A property owner's rights under a "party wall" agreement with an adjoining owner do not survive the demolition of one of the buildings, according to the Appellate Division decision in 441 East 57th Street, LLC v. 447 East 57th Street Corp., 2006 NY Slip Op. 08883, 2006 WL 3438281 (1st Dep't November 30, 2006).

The predecessors-in-interest of the two owners in this case entered into a party wall agreement in 1867, providing that each owner could use the common wall for structural support of its building. However, the predecessor to defendant demolished the former building on its lot in the 1920's, and for the past 80 years, there had been no building along defendant's side of the lot line straddled by the party wall. In 2006, plaintiff real estate developer contracted to demolish the existing building on its property and to construct a new building. The neighboring cooperative objected, claiming that demolition of plaintiff's wall on the lot line would violate its rights under the party wall agreement. Plaintiff sued for a declaratory judgment that it did not require defendant's consent to demolish its own building, including the party wall.

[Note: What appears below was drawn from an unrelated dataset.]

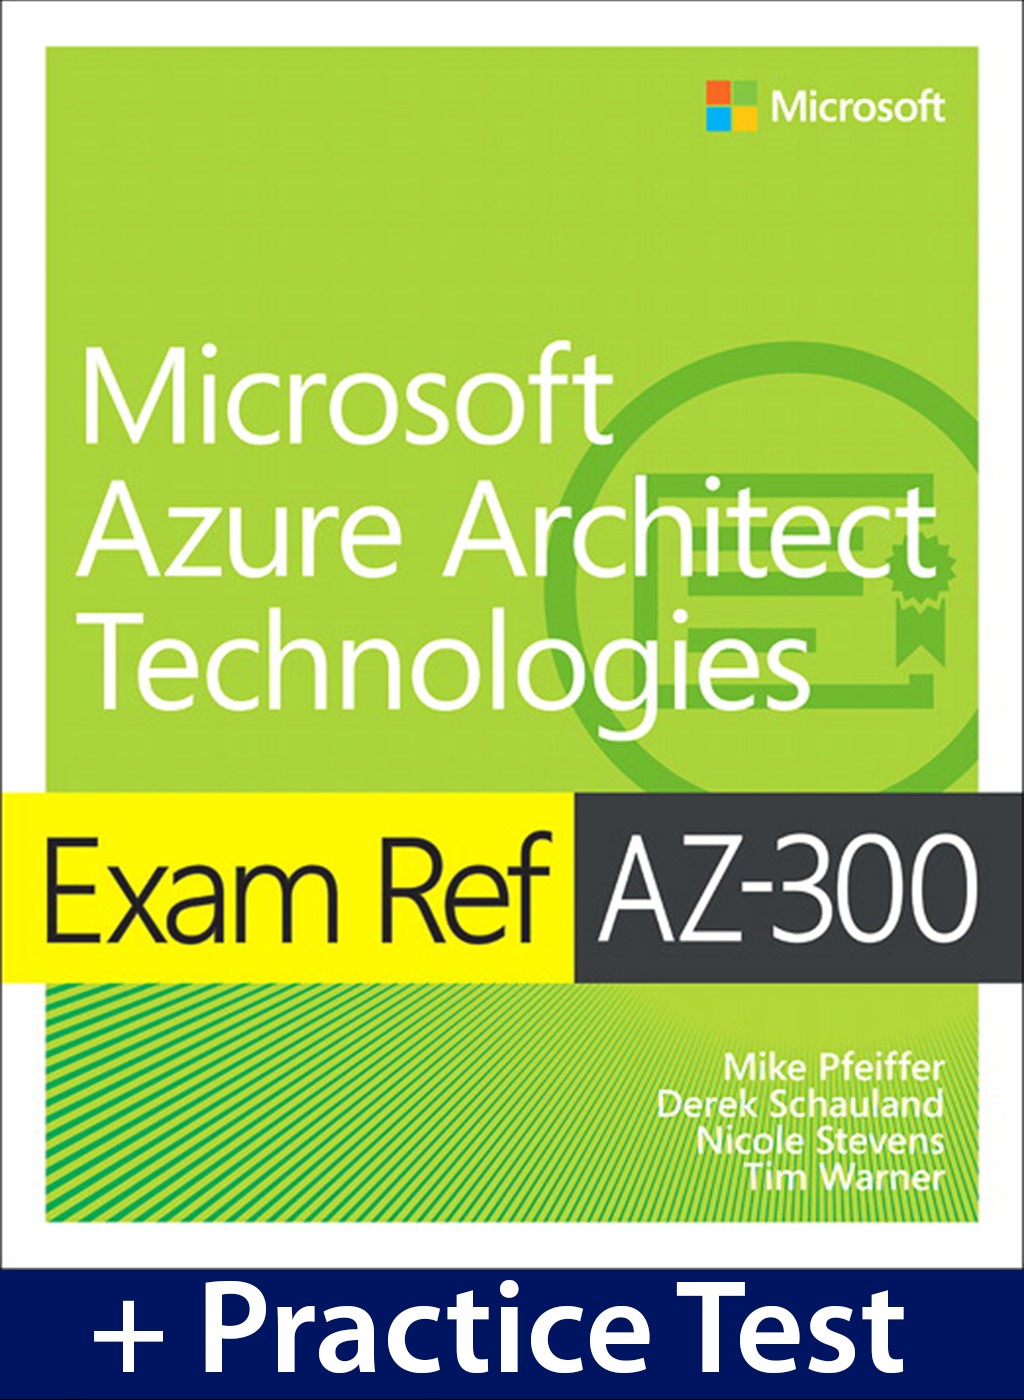 Exam Ref AZ-300 Microsoft Azure Architect Technologies with Practice Test

The Supreme Court, in a decision affirmed by the Appellate Division, agreed with the developer and held it "has the right and does not need defendant's consent to demolish its building, including the eastern party wall thereof." The Appellate Division held that because "defendant has not used the wall to support a building on its lot in nearly 80 years, plaintiff is entitled to demolish its building and the entire party wall and put a definitive end to the party wall easement created under the 1867 agreement." The court rejected defendant's claims that it was entitled to have the wall remain standing because it provided amenities to defendant's property such as "privacy" and "an ornamental background to its garden," holding that these were not necessary uses of the wall and that "mere convenience or advantage" was not a basis for continuing to enforce the easement created under the 1867 agreement. Ganfer & Shore, LLP represents the plaintiff developer in this case.

IMPORTANT NOTE: The material in this newsletter is provided for information purposes only and should not be construed as legal advice. Because the particular facts and circumstances of every situation differs, you should not act or refrain from acting on the basis of this information without consulting an attorney.